Lublinianki po powrocie na parkiet zaczęły z „wysokiego C”, gdyż trójkami popisały się Dominika Ullmann oraz Elin Gustavsson (44-43). Sytuacja zaczęła się jednak nieco komplikować, gdy z minuty na minuty rosła przewaga zespołu wicemistrzyń kraju, co było już bardzo widoczne w decydującej odsłonie, gdy w pewnym momencie obie ekipy dzieliło dziewięć punktów (55-64). Akademiczki z Lublina nie mając nic do stracenia, odważyły się coraz częściej próbować swoich sił zza łuku, a to przyniosło wymierne korzyści. Cztery akcje z rzędu zamknęły trójkami i znów prowadziły (70-69). Biało-zielone wytrzymały nerwową końcówkę i po ostatniej syrenie mogły świętować zdobycie kolejnego pucharu w tym roku (81-77). Tytuł najbardziej wartościowej zawodniczki spotkania (MVP) przyznano zaledwie 17-letnie Dominice Ullmann, która zapisała na swoim koncie 15 punktów, a każdy z nich był po trzypunktowym rzucie.

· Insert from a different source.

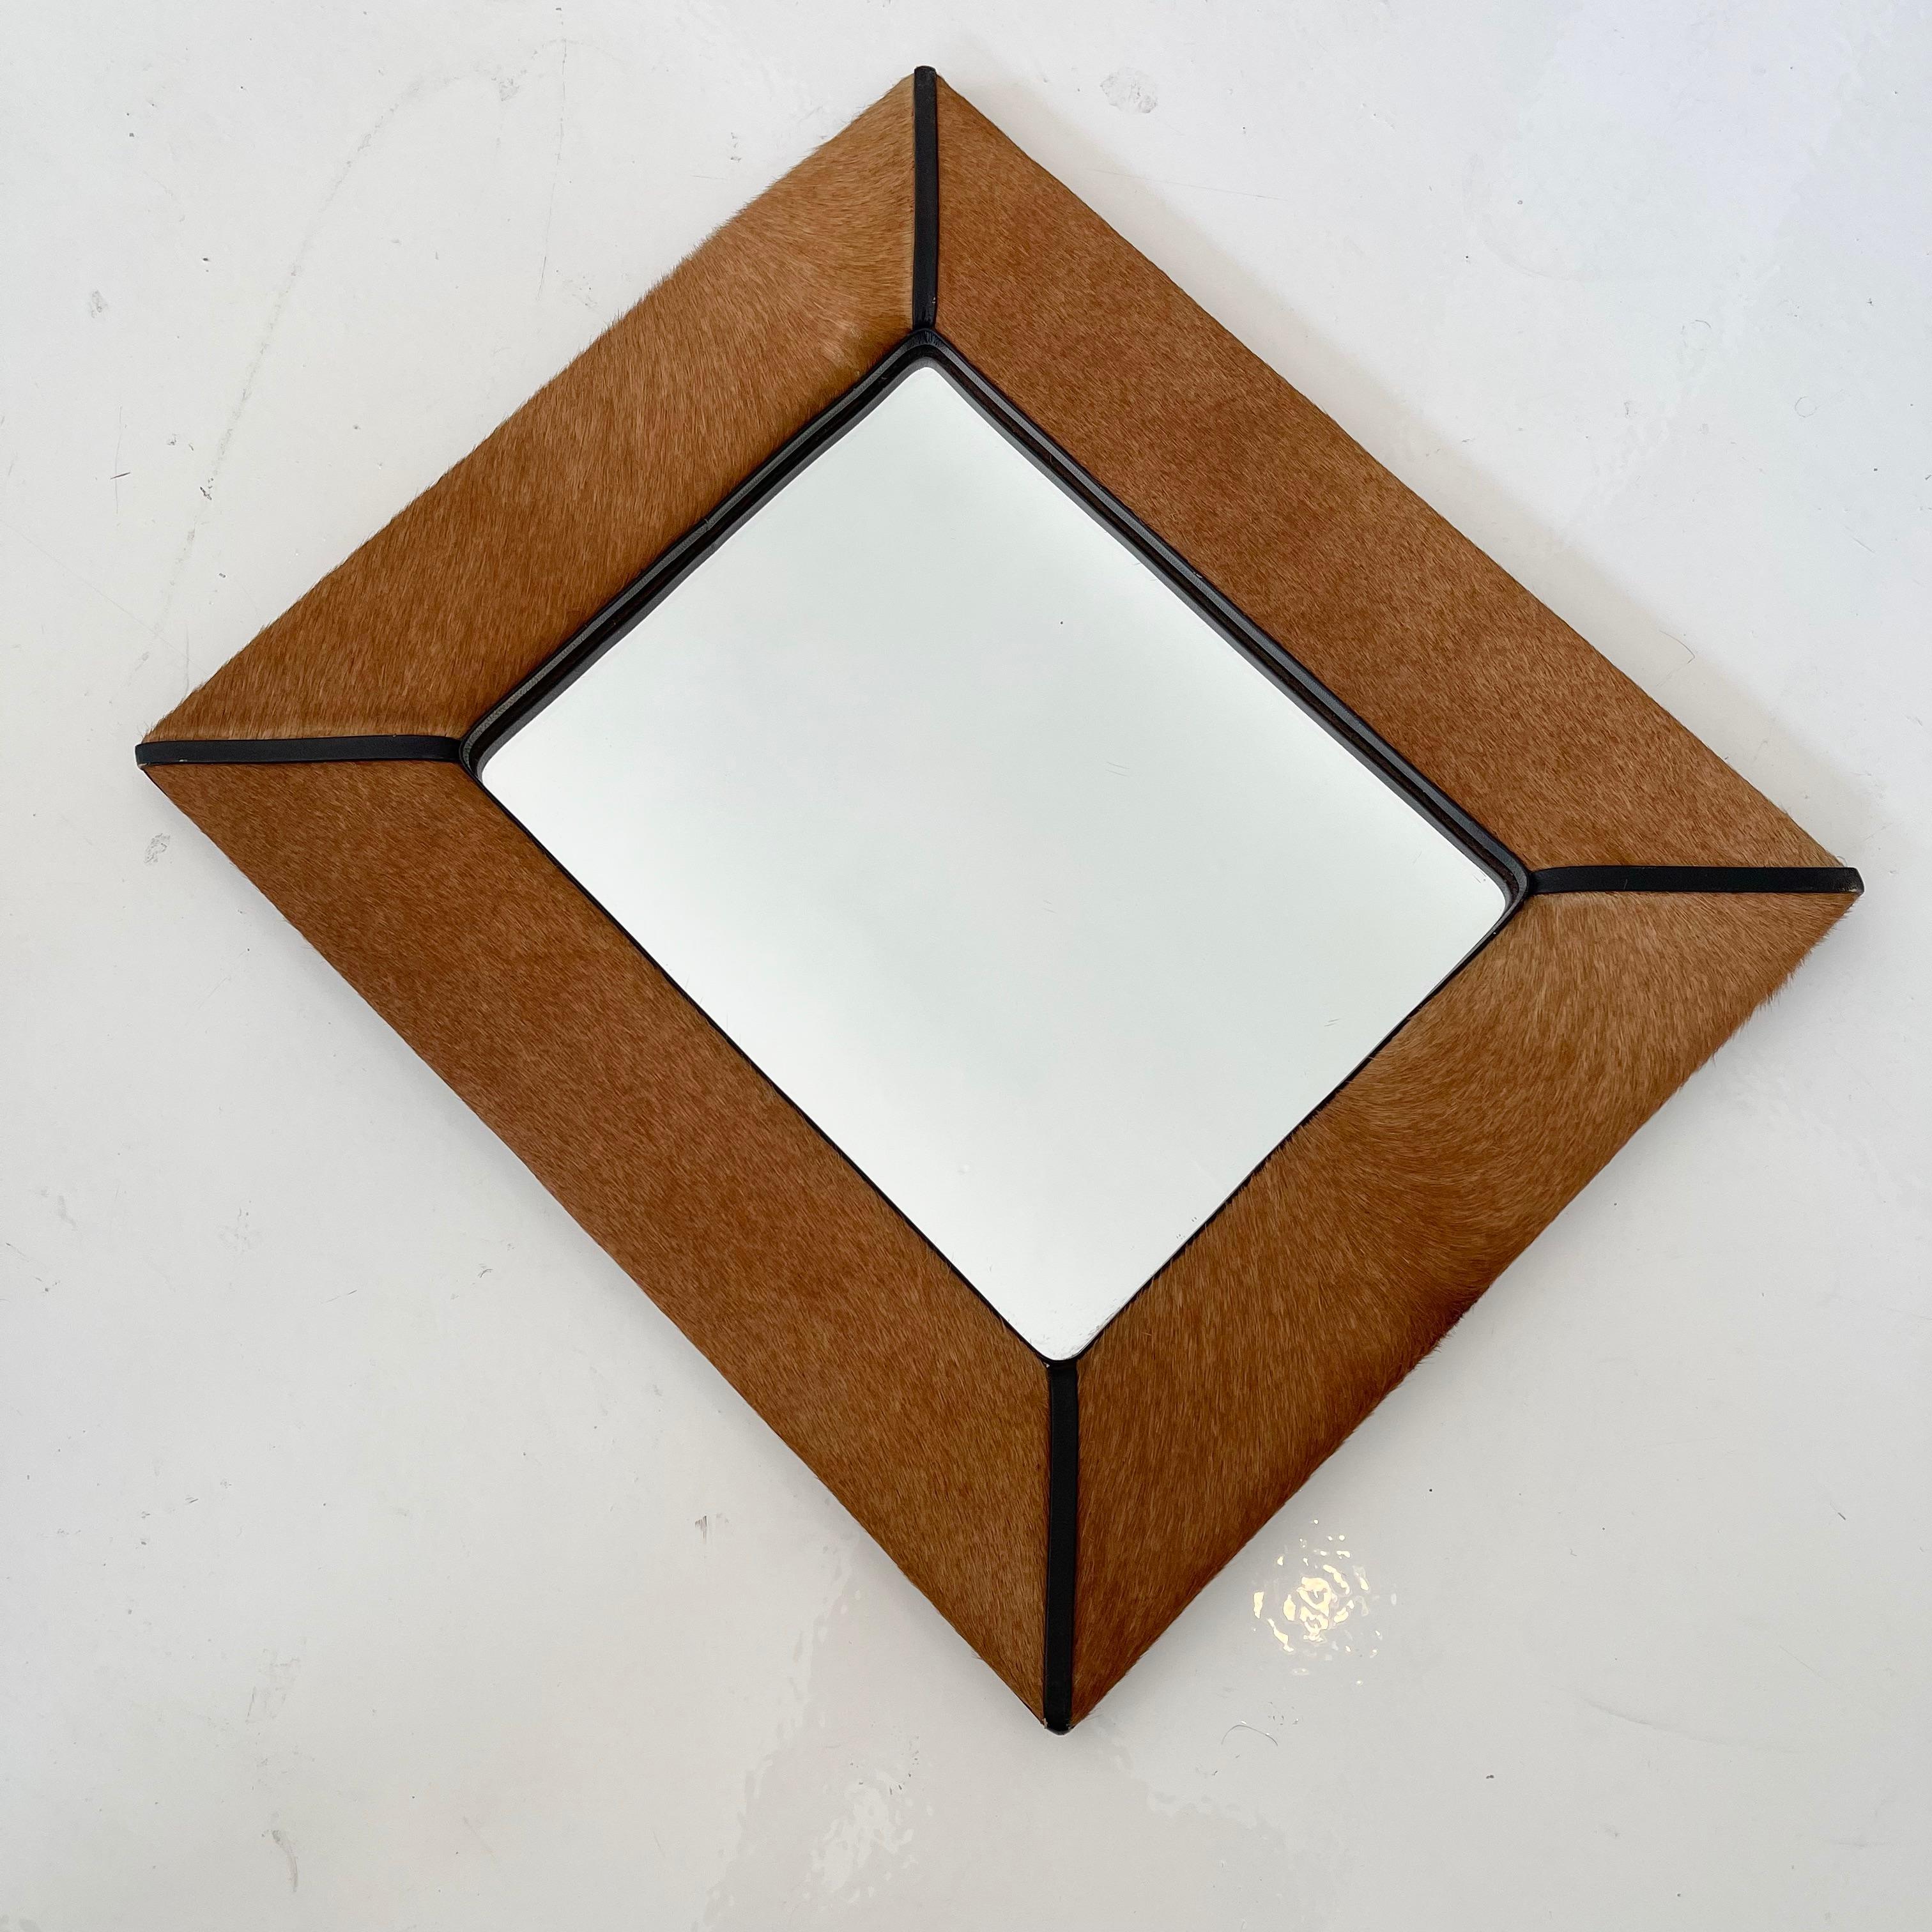 Handsome mirror made in France, circa 1960s. Pony hair with leather trim. Good vintage condition. Great design.

Krzysztof Szewczyk – mówił po meczu Krzysztof Szewczyk, trener Polskiego Cukru AZS UMCS Lublin.
Ostatni sprawdzian przed sezonem lublinianki zdały na piątkę z dużym plusem. Teraz szykują się na pierwsze ligowe mecze o stawkę oraz debiut w Eurolidze. Ten już 4 października w wyjazdowym spotkaniu z Beretta Famila Schio.